**** SUPPLIED MATERIAL

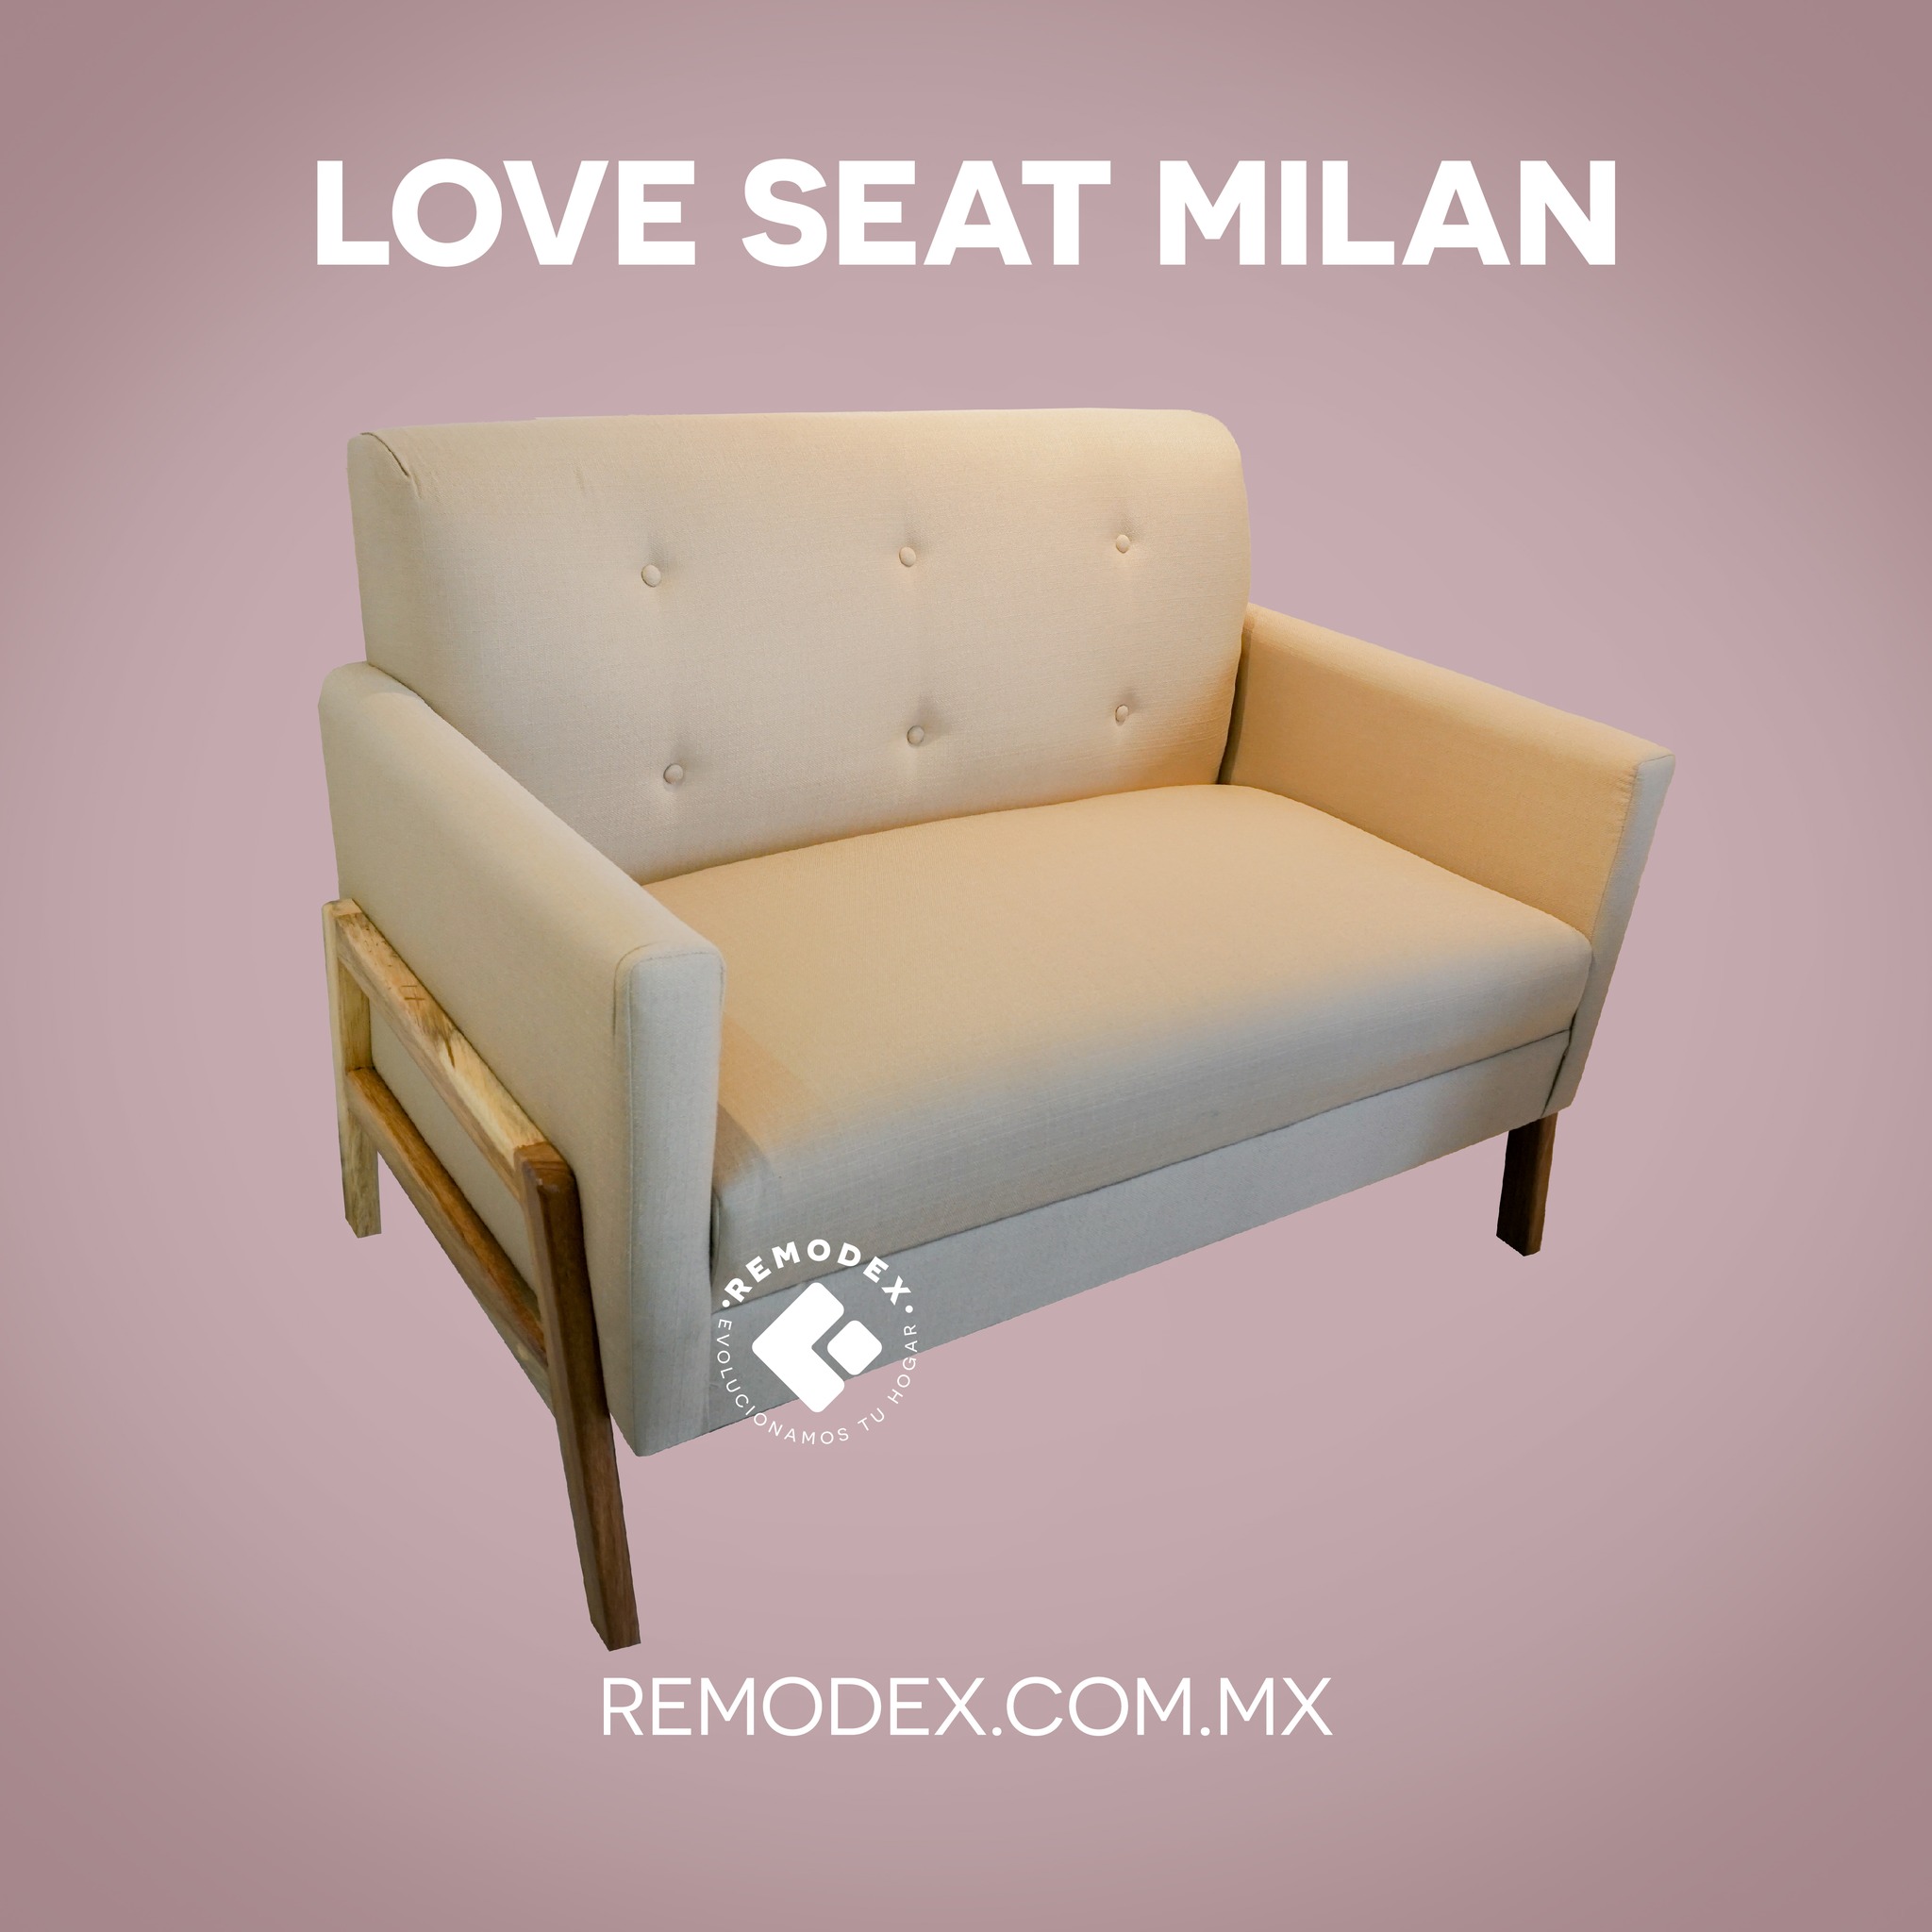 LOVE SEAT MILAN
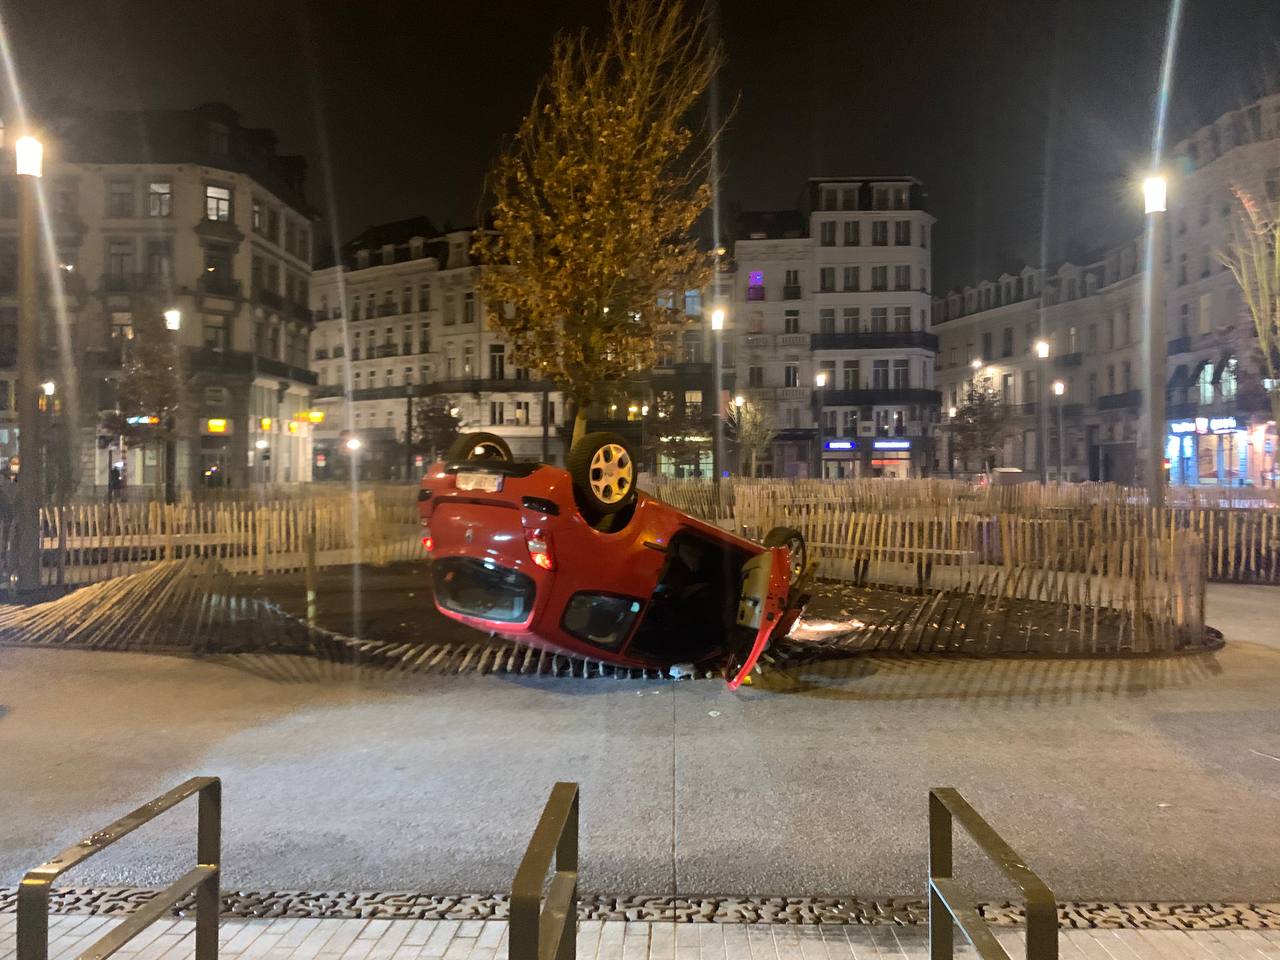 Une voiture totalement retournée, les quatre roues en l'air (place Anneessens, Bruxelles)
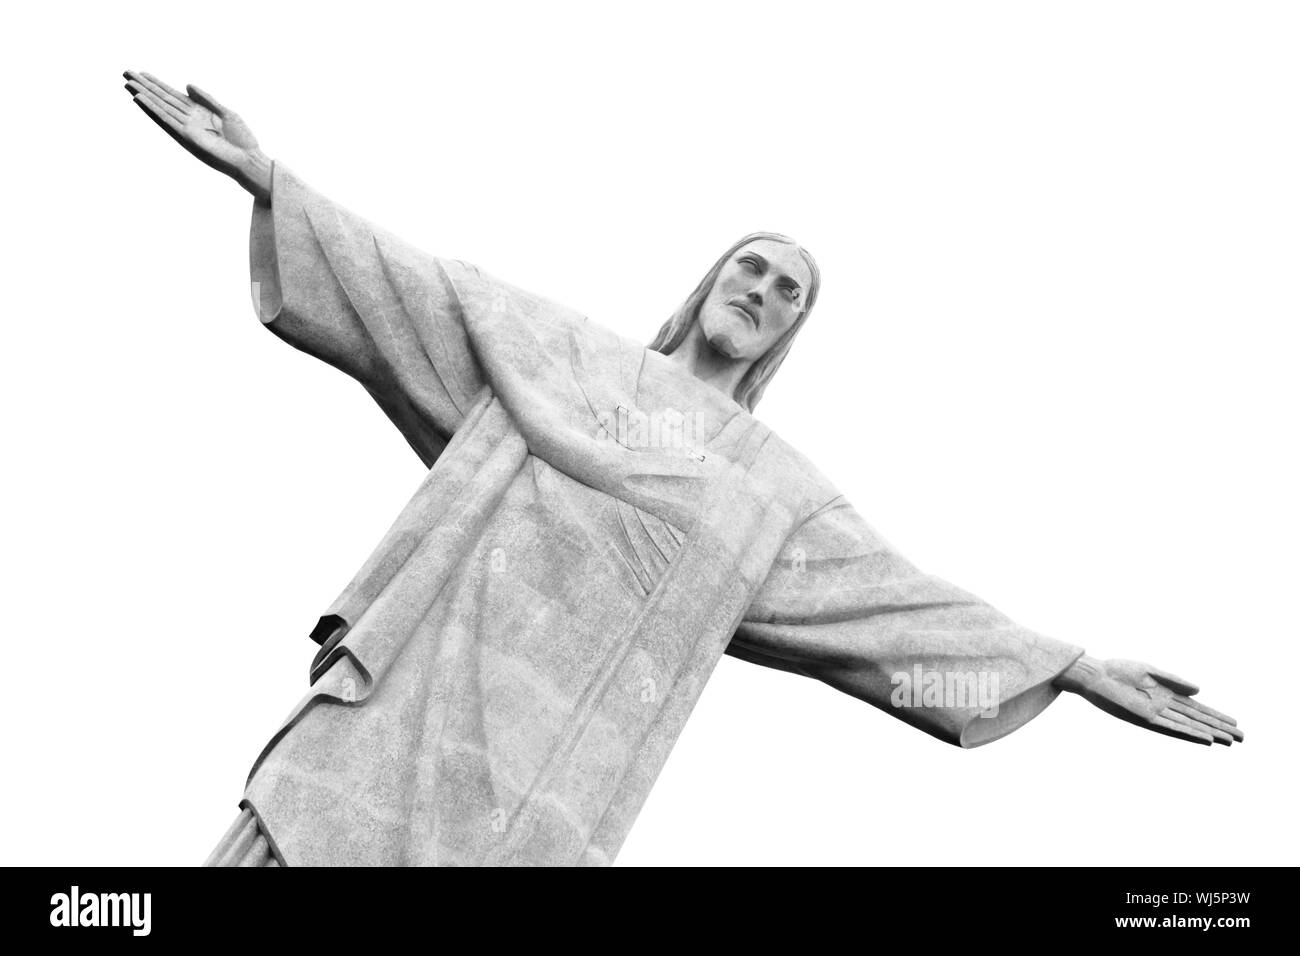 Christus der Erlöser Statue, Rio De Janeiro, Brasilien. Schwarz und weiß. Stockfoto

********

TASK BRIEF:
Every last line above must be reproduced as written, and no pictures belong in the copy.

THE COMPLETED TASK:
 LOVE SEAT MILAN
 Une voiture totalement retournée, les quatre roues en l'air (place Anneessens, Bruxelles)
 Christus der Erlöser Statue, Rio De Janeiro, Brasilien. Schwarz und weiß. Stockfoto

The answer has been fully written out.